Write every line below out again, exactly as given, but leave out the pictures.

**Records for this task**:
•••
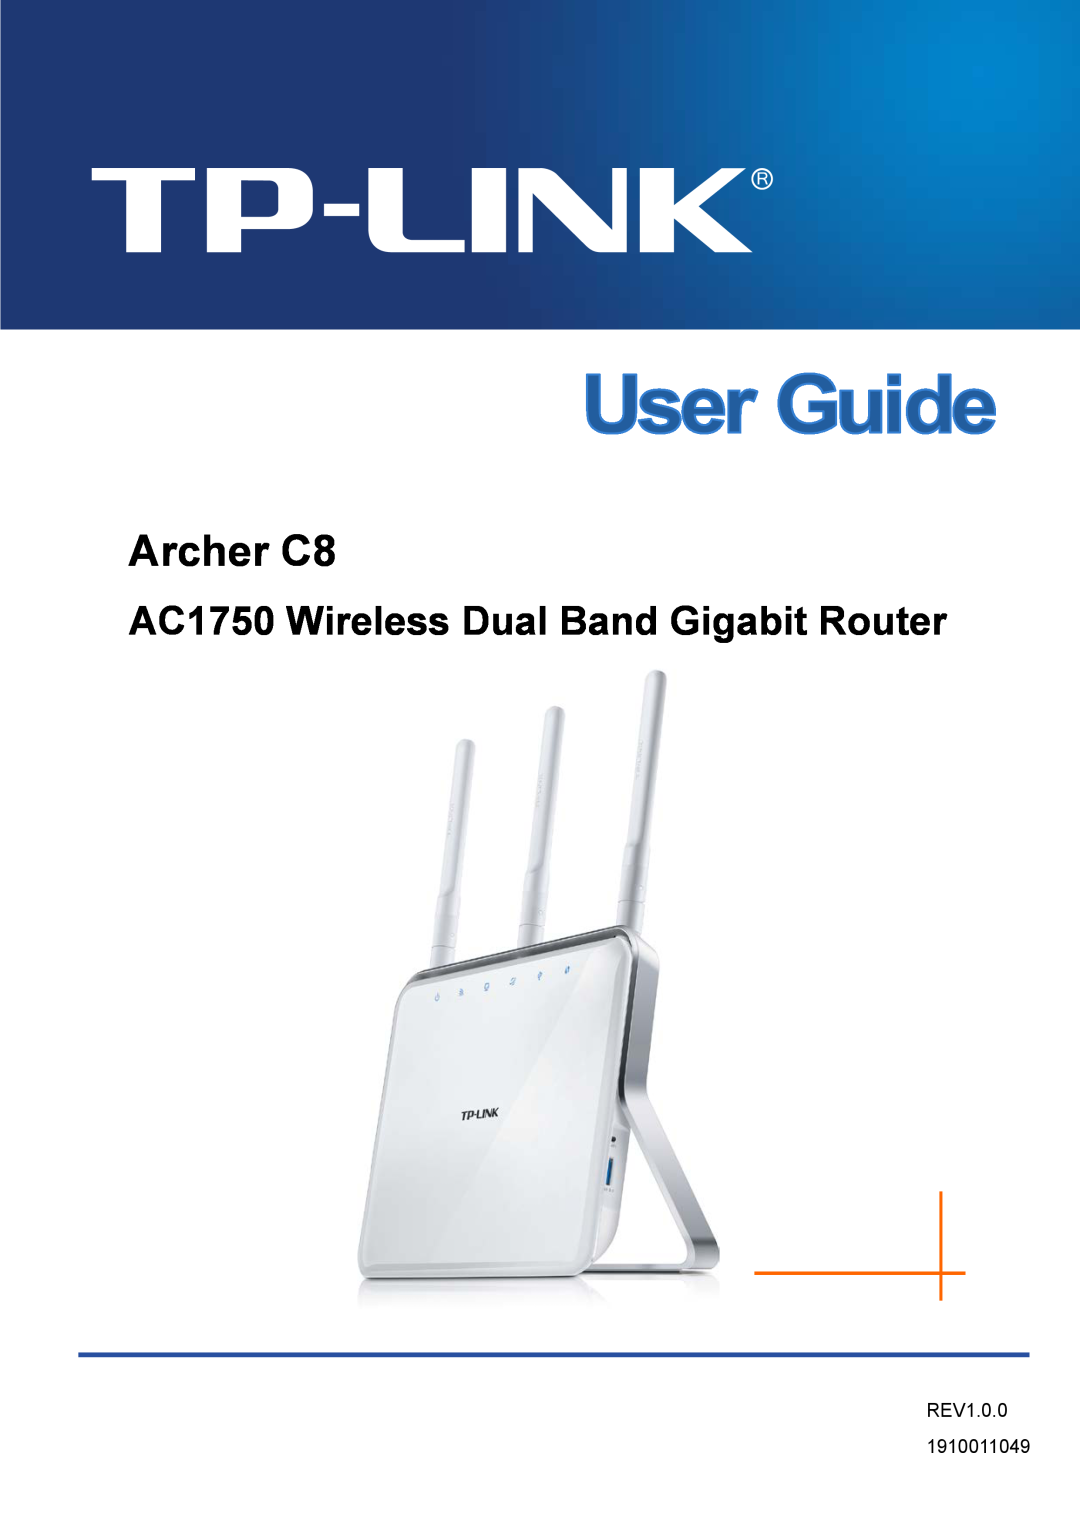 TP-Link manual AC1750 Wireless Dual Band Gigabit Router, Archer C7 
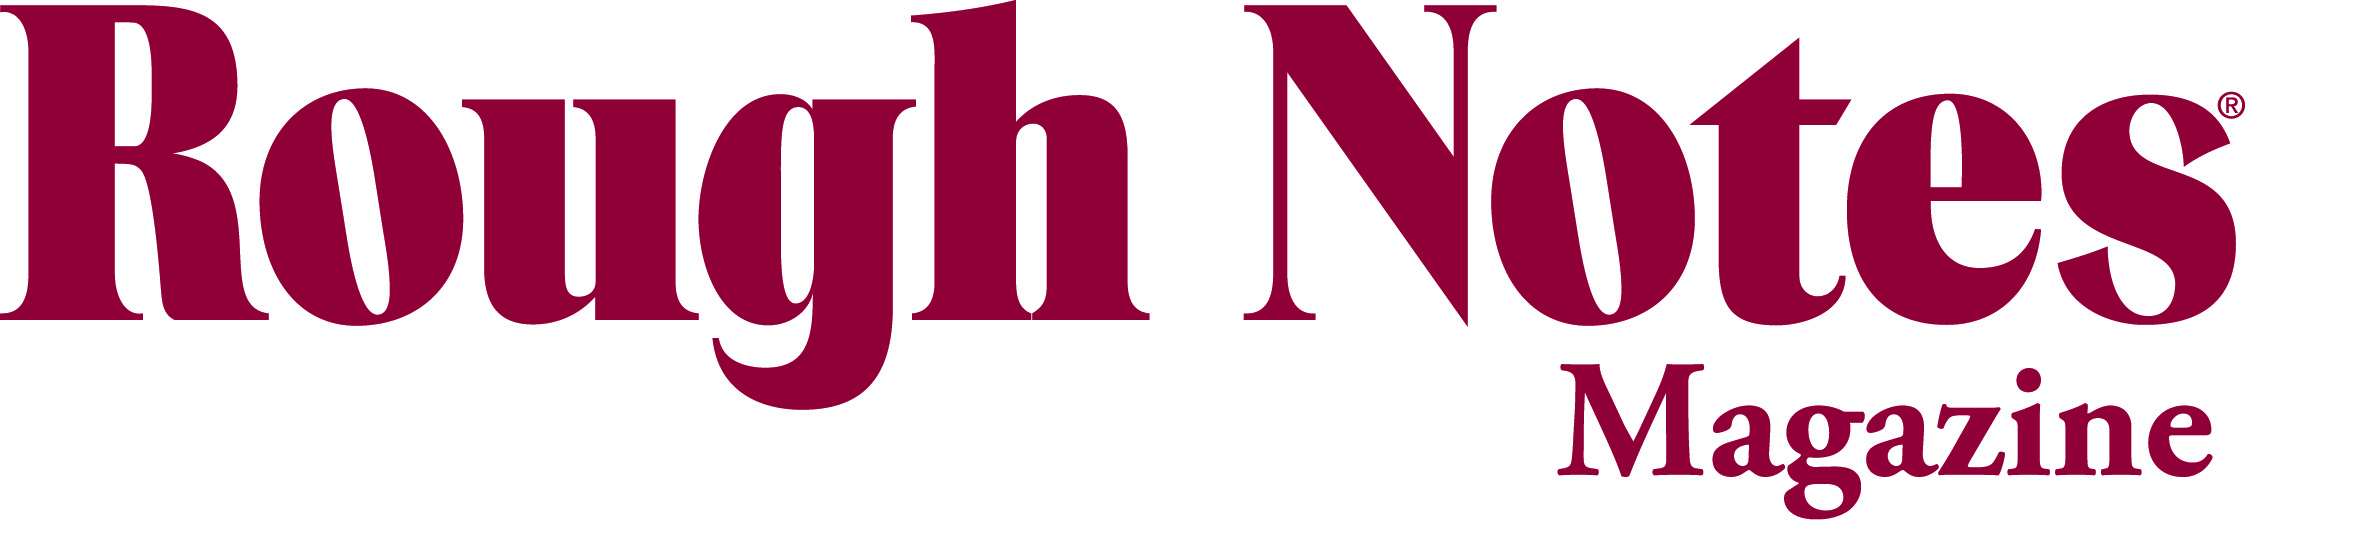 Rough Notes Magazine logo
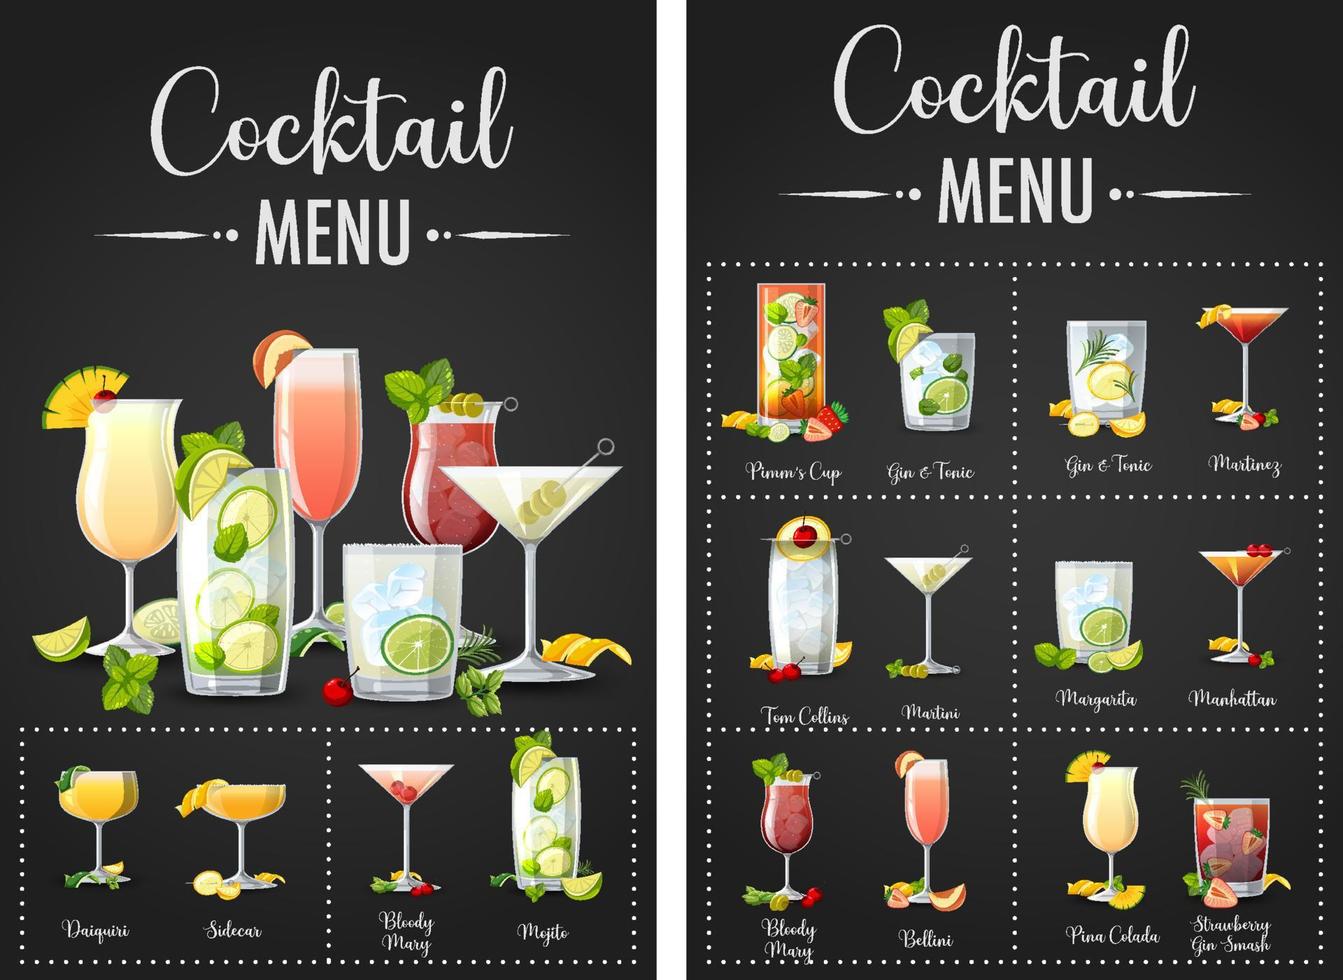 A printed menu of cocktails vector
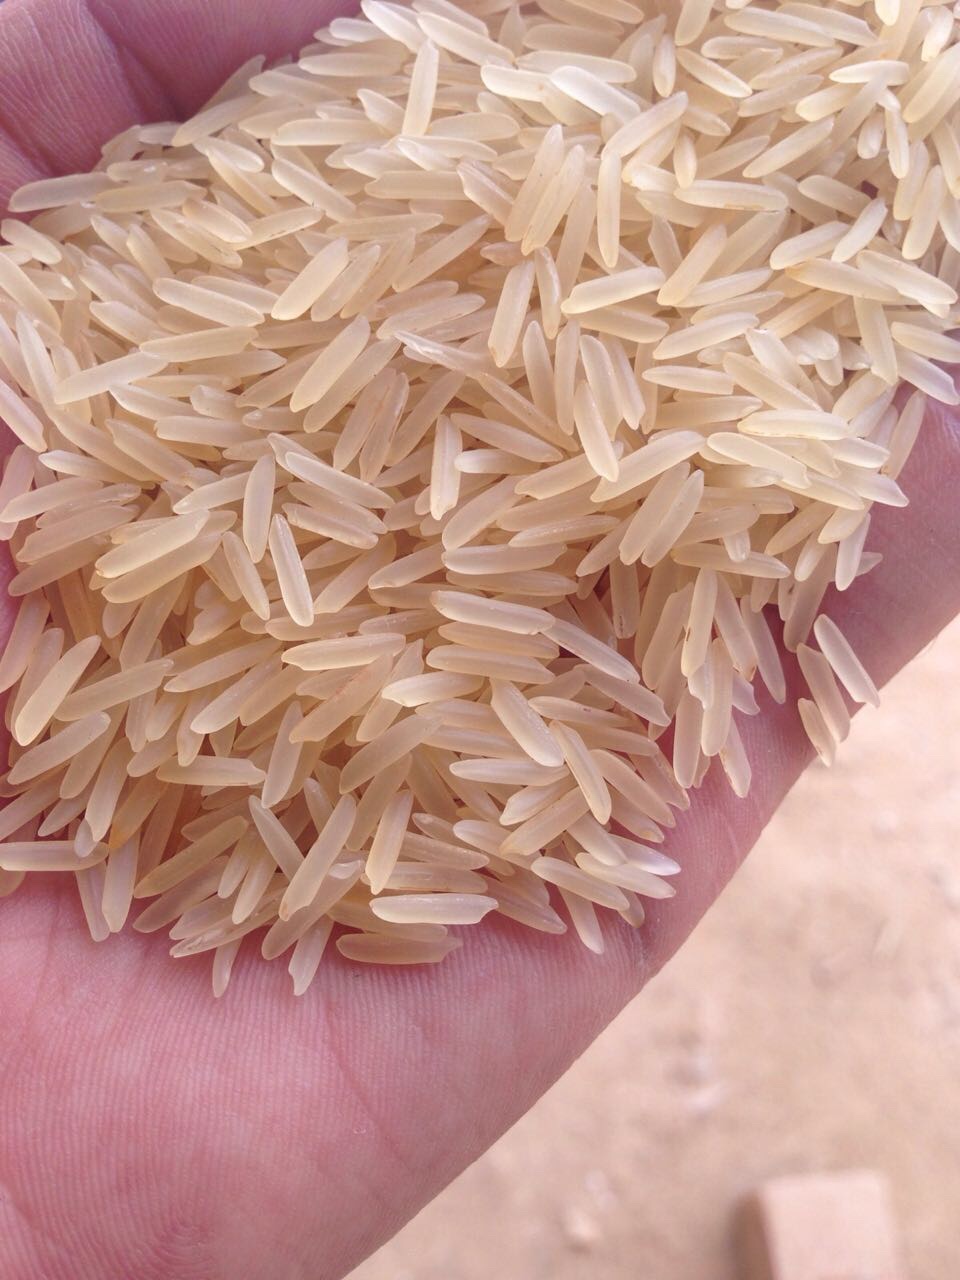 India Gloden Basmati Rice
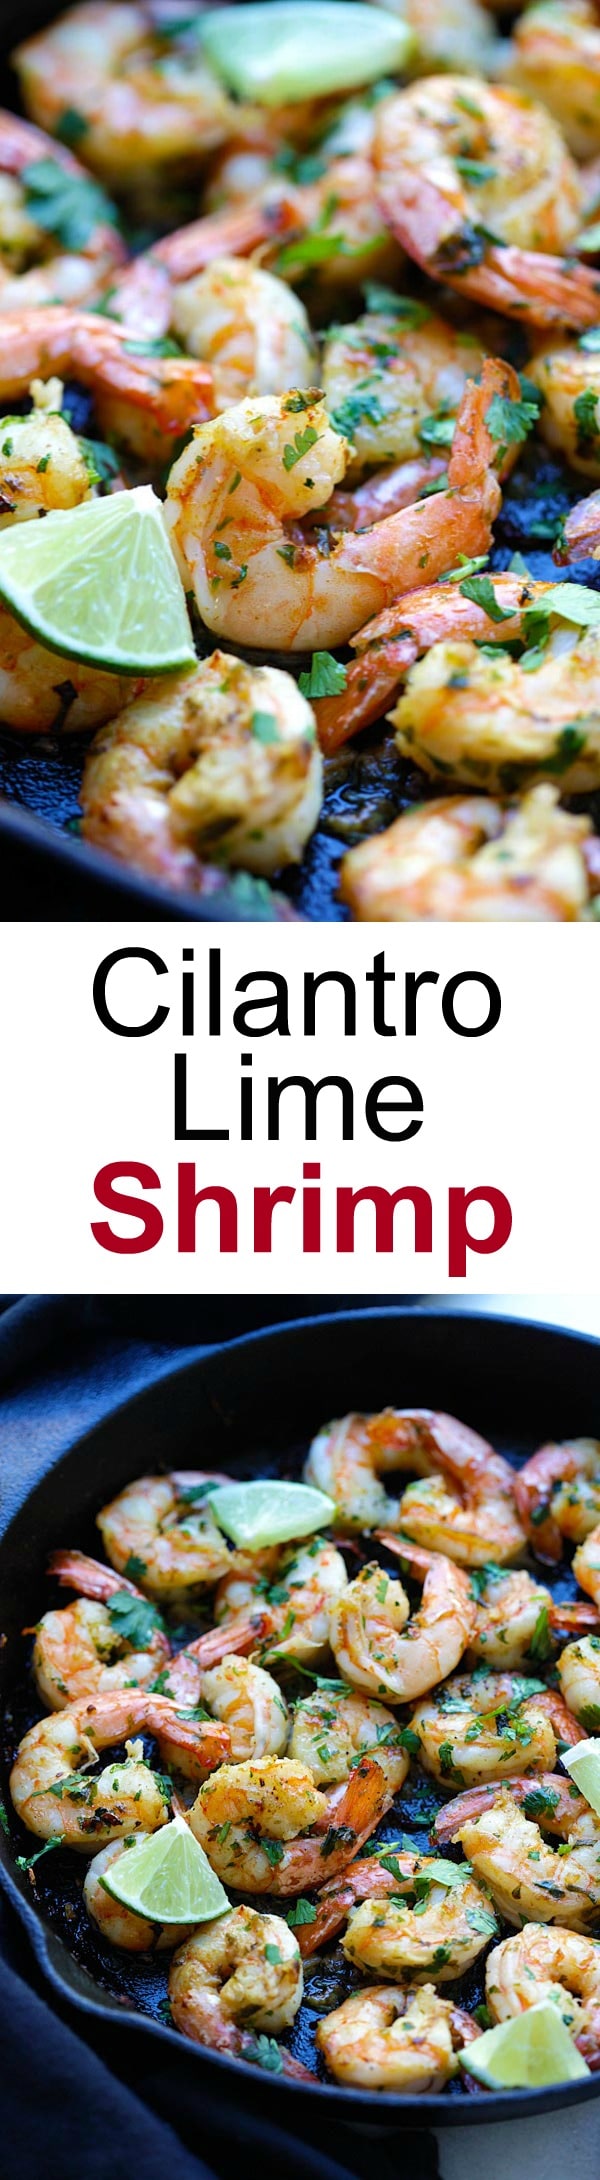 Cilantro Lime Shrimp – best shrimp ever with cilantro, lime & garlic on sizzling skillet. Crazy delicious recipe, takes 15 mins | rasamalaysia.com
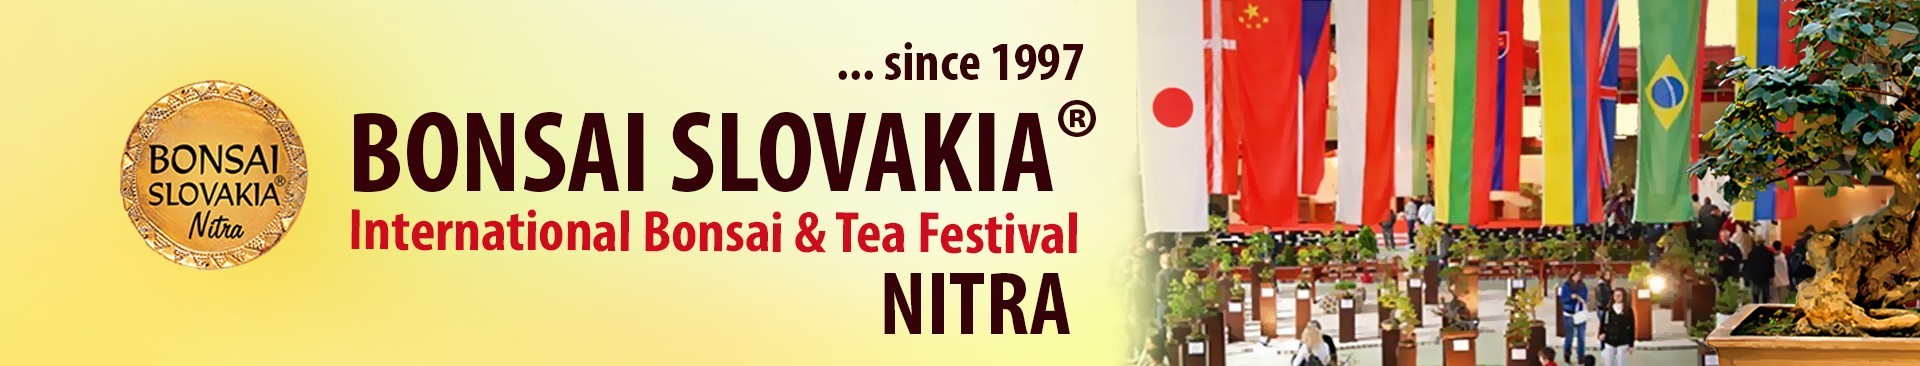 BONSAI SLOVAKIA - International Bonsai & Tea Festival
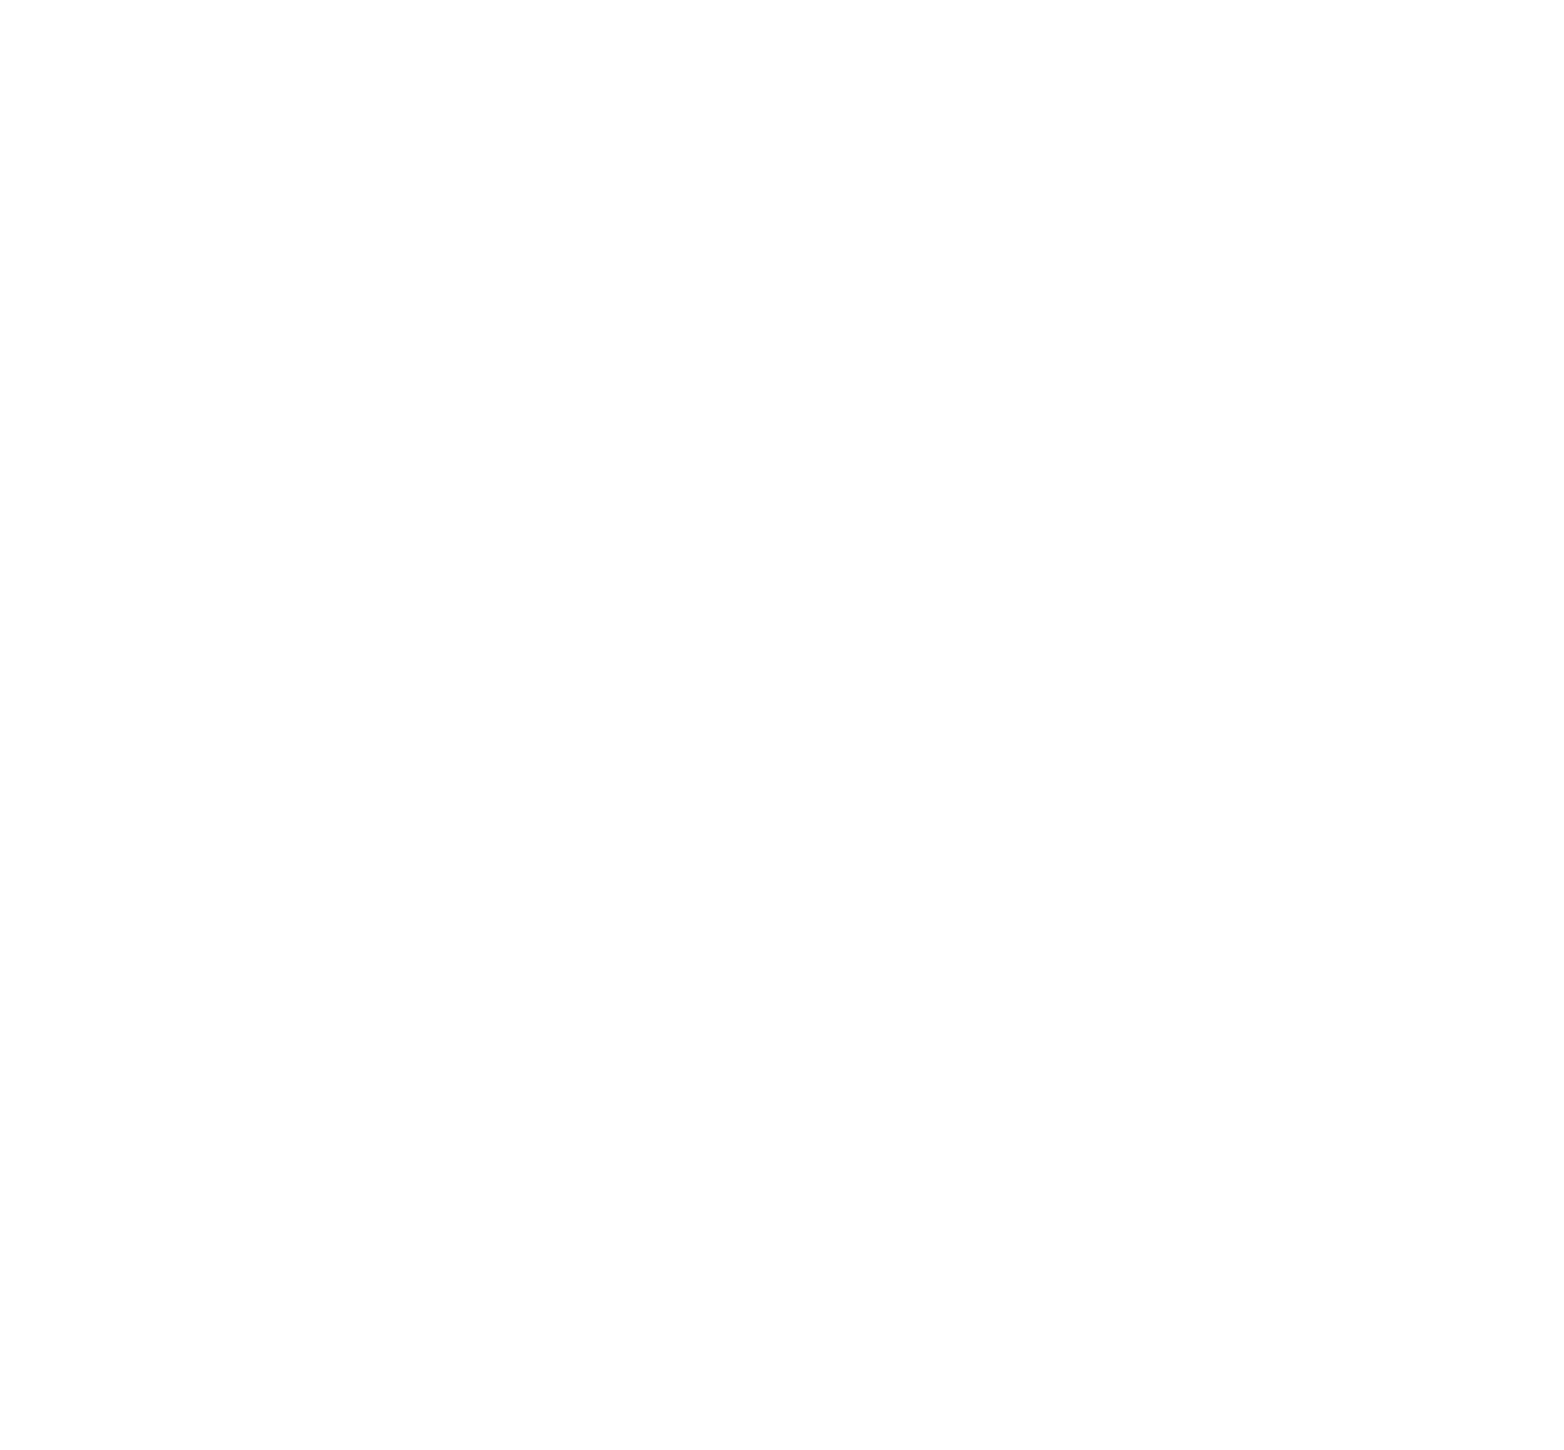 Pan Pacific International Holdings logo pour fonds sombres (PNG transparent)
•••
**Solution to this task**:
 TP-Link manual AC1750 Wireless Dual Band Gigabit Router, Archer C7 
 Rough Notes Magazine logo
 A printed menu of cocktails vector
 India Gloden Basmati Rice
 Cilantro Lime Shrimp – best shrimp ever with cilantro, lime & garlic on sizzling skillet. Crazy delicious recipe, takes 15 mins | rasamalaysia.com
 BONSAI SLOVAKIA - International Bonsai & Tea Festival
 Pan Pacific International Holdings logo pour fonds sombres (PNG transparent)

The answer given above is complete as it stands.